Answering the classic W and H-questions might help you to think through the mentoring process.
WHAT do I have to offer?
Reflect on your career path and particularly your mentors. What qualities did you appreciate in them? What resonated with you about their mentoring style? Also reflect on your managerial style. What aspects of your persona in the professional world do you want to leverage as a mentor?
It might take some trial and error until you find your unique mentorship style- just as it took you some time to find your managerial voice.
HOW can I help my mentee?
Assess your mentee’s needs before assuming that the style that worked with one mentee would work with others. Being cognizant of the uniqueness of your mentees will show you the way you can serve their needs best.
Practice active listening and resist the urge to complete mentees’ sentences, thoughts, or overlay your experiences on theirs. Mentoring is like helping unravel tangled thread. You can work together with your mentee to show how to untie the knots but let them create their own designs.
Next, create SMART goals for your mentoring relationship- specific, measurable, attainable, realistic, and timed.

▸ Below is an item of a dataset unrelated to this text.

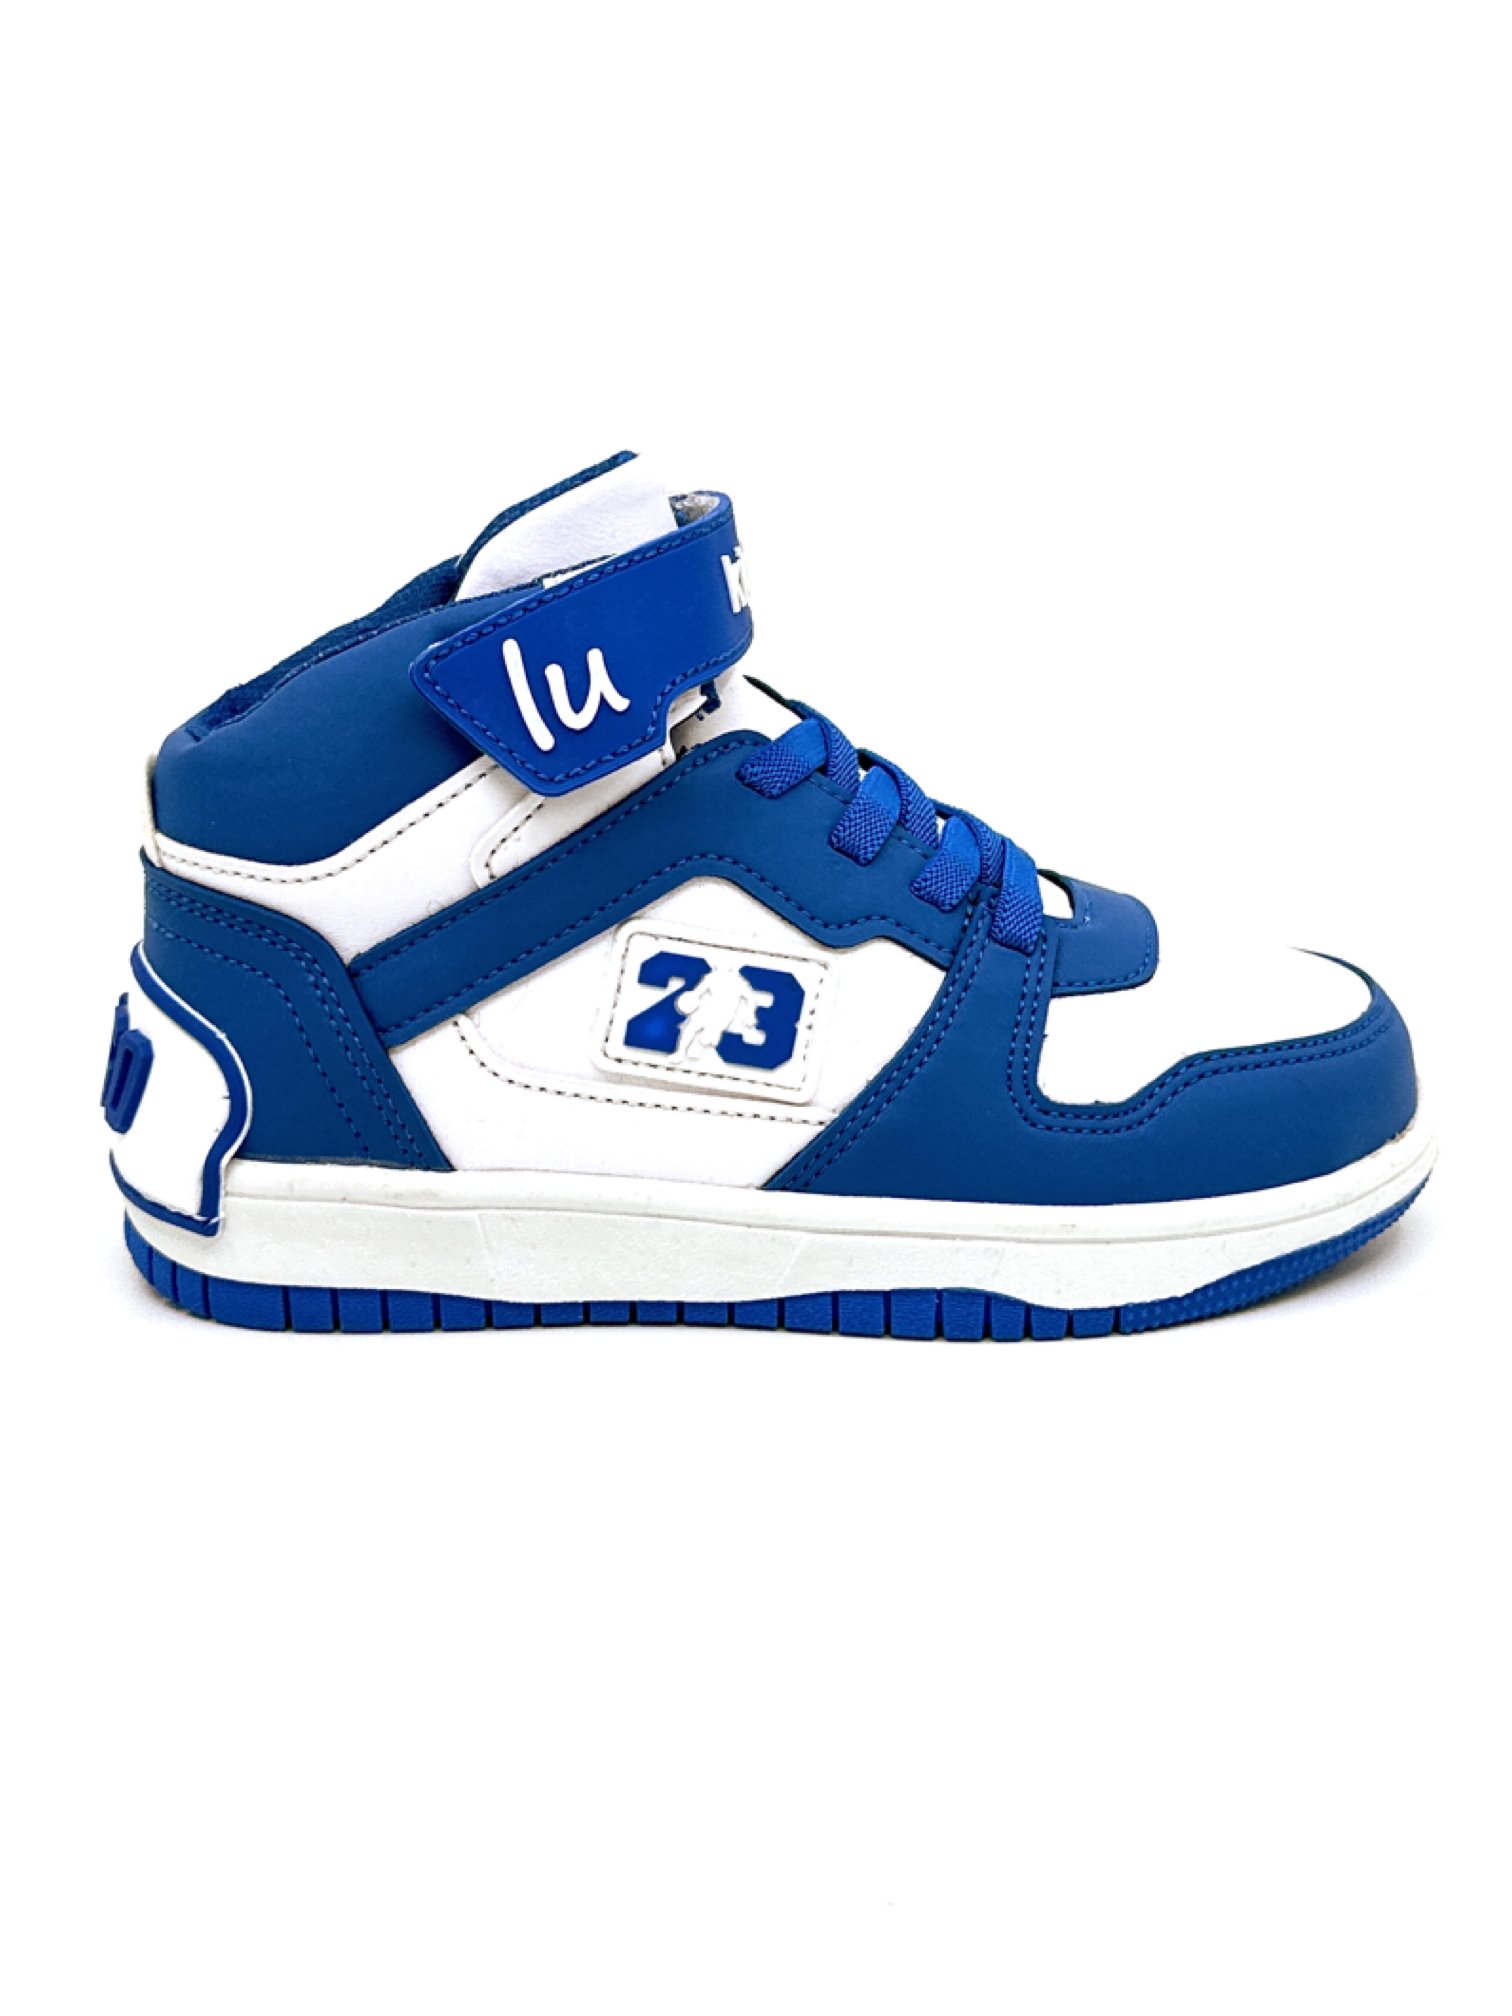 Europaspor.com'da çocuklar için özel olarak tasarlanmış LUGO 2023 Mavi Beyaz  Ortopedik Boğazlı Sneaker Ayakkabı'yı keşfedin! Kaliteli malzeme ve şık  tasarımıyla çocuklarınızın rahatlığını düşündük. Hemen inceleyin!

These should form the discussion agenda during your conversations and be revised as your mentee evolves into new roles or life phases. Identify what success should look like for your mentee: is it a promotion, better negotiation skills with family, a product launch?
The Other 3 Ws
Let’s flesh out the other three Ws- when, where, and why.
When and where you offer mentoring support really depends on your and your mentee’s needs and schedules. Along with a set schedule (for example, once a month meetings), spontaneous (online) check-ins help tremendously in a productive relationship. Mentees look upon you as a beacon of hope in their times of turmoil. Be there for them and build trust.
Mentoring doesn’t need to be driven only by mentee goals. If you read an article or see a video that makes you think of your mentee, send it along. And encourage your mentee to do likewise, because the best mentoring is mutually beneficial. Bokeno and Gantt (2000) have termed this “dialogic mentoring,” a way of overcoming the fear of being judged through shared mentor and mentee experiences.
And that brings us to the why of this relationship. What is the value proposition for you? Mentoring can be a fulfilling experience, akin to creating art or nurturing a garden. It is a new way of approaching your own productivity, your professional advancement and satisfaction.
Having said that, mentorship is all about the mentee. As a mentor, your ultimate goal should be enabling your mentee achieve skill building and decision making based on the blueprint(s) you provide them during your timed mentoring intervention. Once the mentee has reached her desired goals that she set with you, it might be time to dial back.
To adapt a known adage, “If you mentor somebody, set them free.”
Yogini Joglekar
Also read:
Bokeno, R M and V W Gantt. (2000). Dialogic Mentoring: Core Relationships for Organizational Learning, Management Communication Quarterly, 14(2): 237-270.
Peiser, G., J. Ambrose, B. Burke, J. Davenport. (2018). The role of the mentor in professional knowledge development across four professions, International Journal of Mentoring and Coaching in Education, 7(1): 2-18.